My memory is so bad i swear. Like i never started feeling like this untill and after i started smoking marijuana and having bad trips and panic attacks from it. Does anyone else have memory this bad and is it forsure DP? Like sometimes i can barely remember this morning or yesterday, let alone what i've done the past week. It's scary, it's crossed my mind that maybe i possible have a brain tumor or hell, alzheimers? I dunno,

Anyone else like this? Alls i ever focus on is this and worrying that it's something else besides DP, maybe that's it but idk.


----------



## Jurgen (Aug 3, 2013)

Look up dissociative amnesia


----------



## missjess (Jun 1, 2012)

Yep


----------



## Linguos (Jan 12, 2012)

I've had DP for years, and I'm a bit of a study-a-holic, and for a long time, at least the entire first year I could barely read, I remember the first few months I couldn't even really remember a single sentence I'd just read.

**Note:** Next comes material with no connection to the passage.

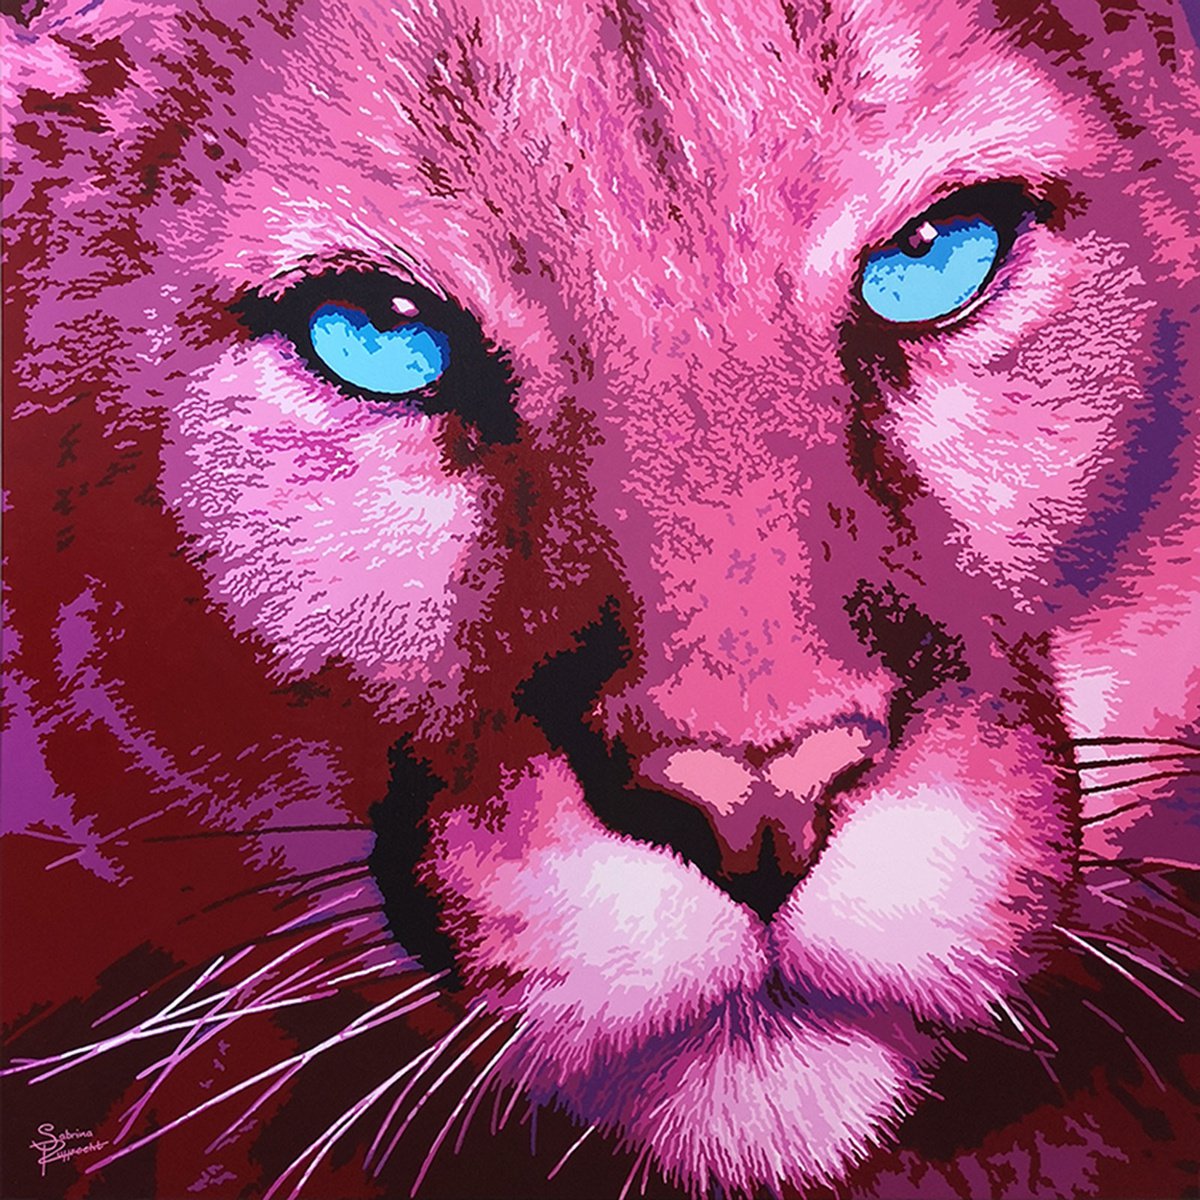 Pink Panther by Sabrina Rupprecht

Sometimes I like to wonder if learning to concentrate enough through the DP means that when DP is gone we will have better concentration and memory retention skills, since, at least in my case, I'd never had to try so hard to do simple things or to study previously.


----------



## Aerose91 (Jun 11, 2013)

Since the instant DP hit my menory has been horrid. By the end of the day what i did that morning feels like a distant childhood memory and all days prior to that are just blank.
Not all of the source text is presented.